Любое ЧП неприятно каждому командиру, а такому аккуратисту, как Анищенко, — особенно. Да еще ошибка, допущенная им самим: назначил будущего убийцу командиром группы. И ведь, оказывается, заместитель командира отряда Василенко возражал: «Я думаю, — сказал он, по своей всегдашней привычке повторяя слова, — я думаю, что мы недостаточно знаем Тимонина. Надо, я думаю, заняться им, изучить». Анищенко увидел в этом чуть ли не бюрократизм: «Не думайте, а выполняйте. Не о чем тут думать. Парень грамотный, боевой. Нельзя так недоверчиво относиться к людям». Назначение состоялось. И вот теперь пришлось признаться в ошибке.

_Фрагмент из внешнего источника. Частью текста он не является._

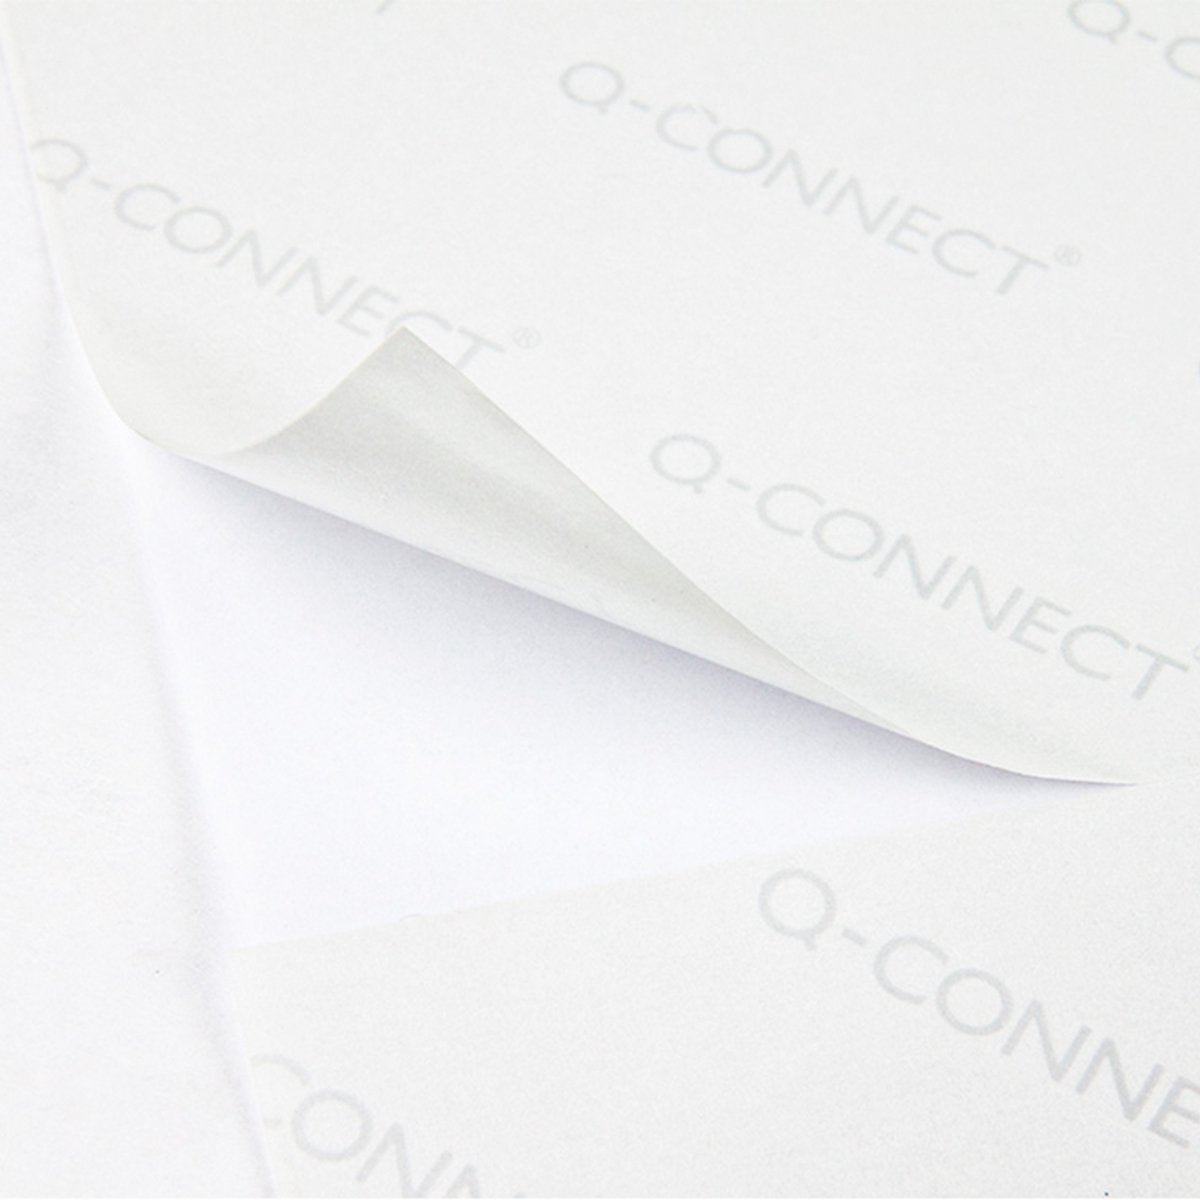 Q-CONNECT - Etiqueta Adhesiva 99.1 x 38.1 mm Laser Ink-Jet DIN A4. Caja 14 x 100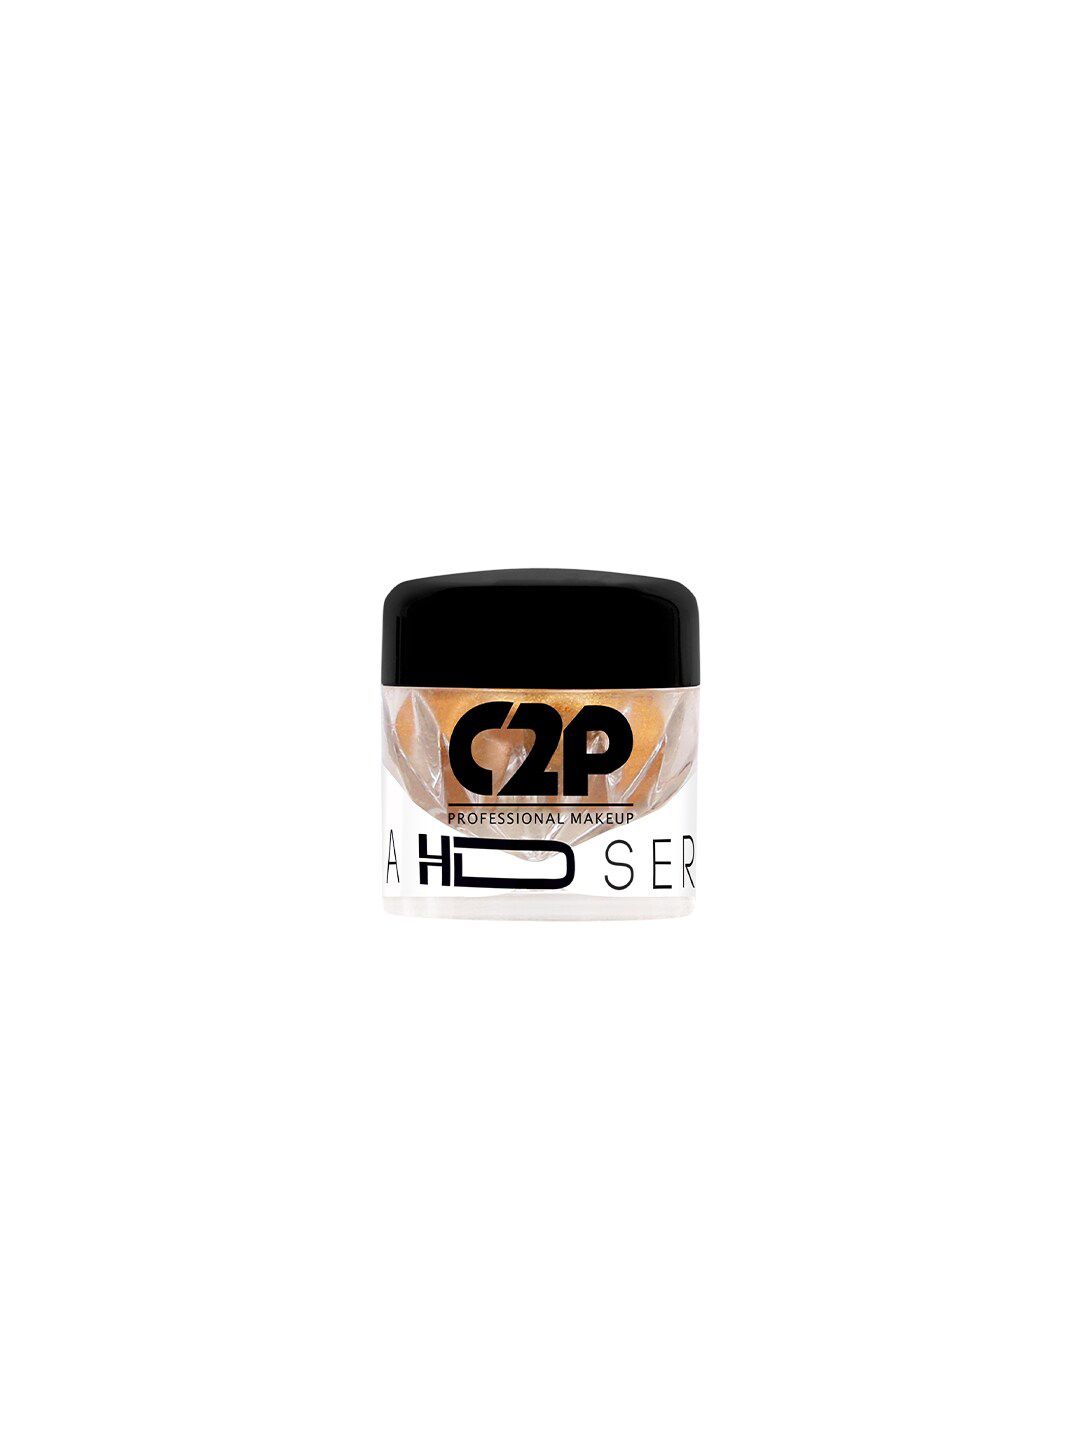 C2P PROFESSIONAL MAKEUP HD Loose Precious Pigments Eyeshadow - Trending 11 Price in India

— Виноват! Предупредили — не послушал. Недоучел.
— Вины с вас никто не снимает, — сказал я. — Но у Василенко, должно быть, были какие-то причины не доверять Тимонину… Вы, значит, не поинтересовались? У нас беда — начальник считает ниже своего достоинства прислушаться к мнению подчиненного. Пошлите за Василенко. Мне вот тоже припоминается история с убийством…
И я рассказал, как зимой 1942 года, когда мы базировались на Витебщине в нашем лесном «военкомате», партизан Куклин так же вот убил Кобякова. И они были земляками, сослуживцами, неразлучными, казалось бы, друзьями. Правда, Куклин не убежал. Он тогда был на базе за старшего, и с ним оставалась небольшая группа партизан. Когда мы вернулись, он сам доложил Бате, командовавшему нашими отрядами, что застрелил Кобякова. И, дескать, за дело. Кобяков будто бы хотел дезертировать из отряда и подговаривал к тому же самого Куклина.
— А почему не дождался нас? — спросил Батя.
— Боязно было, что Кобяков убежит до вашего возвращения и мне придется отвечать за него. Ведь на цепь его не посадишь.
Батя сказал, что разберется в этом, поручил кому-то расследовать происшествие, но неожиданные события помешали расследованию. Немцы устроили на нас облаву, пришлось покинуть «военкомат», Куклина отправили со специальным заданием под Полоцк, а мы, не дождавшись его, ушли далеко на юго-запад, чтобы уже не возвращаться на Витебщину.
Дальнейшей судьбы Куклина я не знаю. История убийства Кобякова так и осталась нерасследованной, но я и тогда считал, и теперь считаю ее неясной и подозрительной. Убийство Силкина еще подозрительнее — ведь Тимонин-то сбежал. Поэтому и необходимо докопаться: в чем дело? И убийцу найти. Обязательно. Не только ради наказания. Кто знает — с какими мыслями ушел он от партизан?..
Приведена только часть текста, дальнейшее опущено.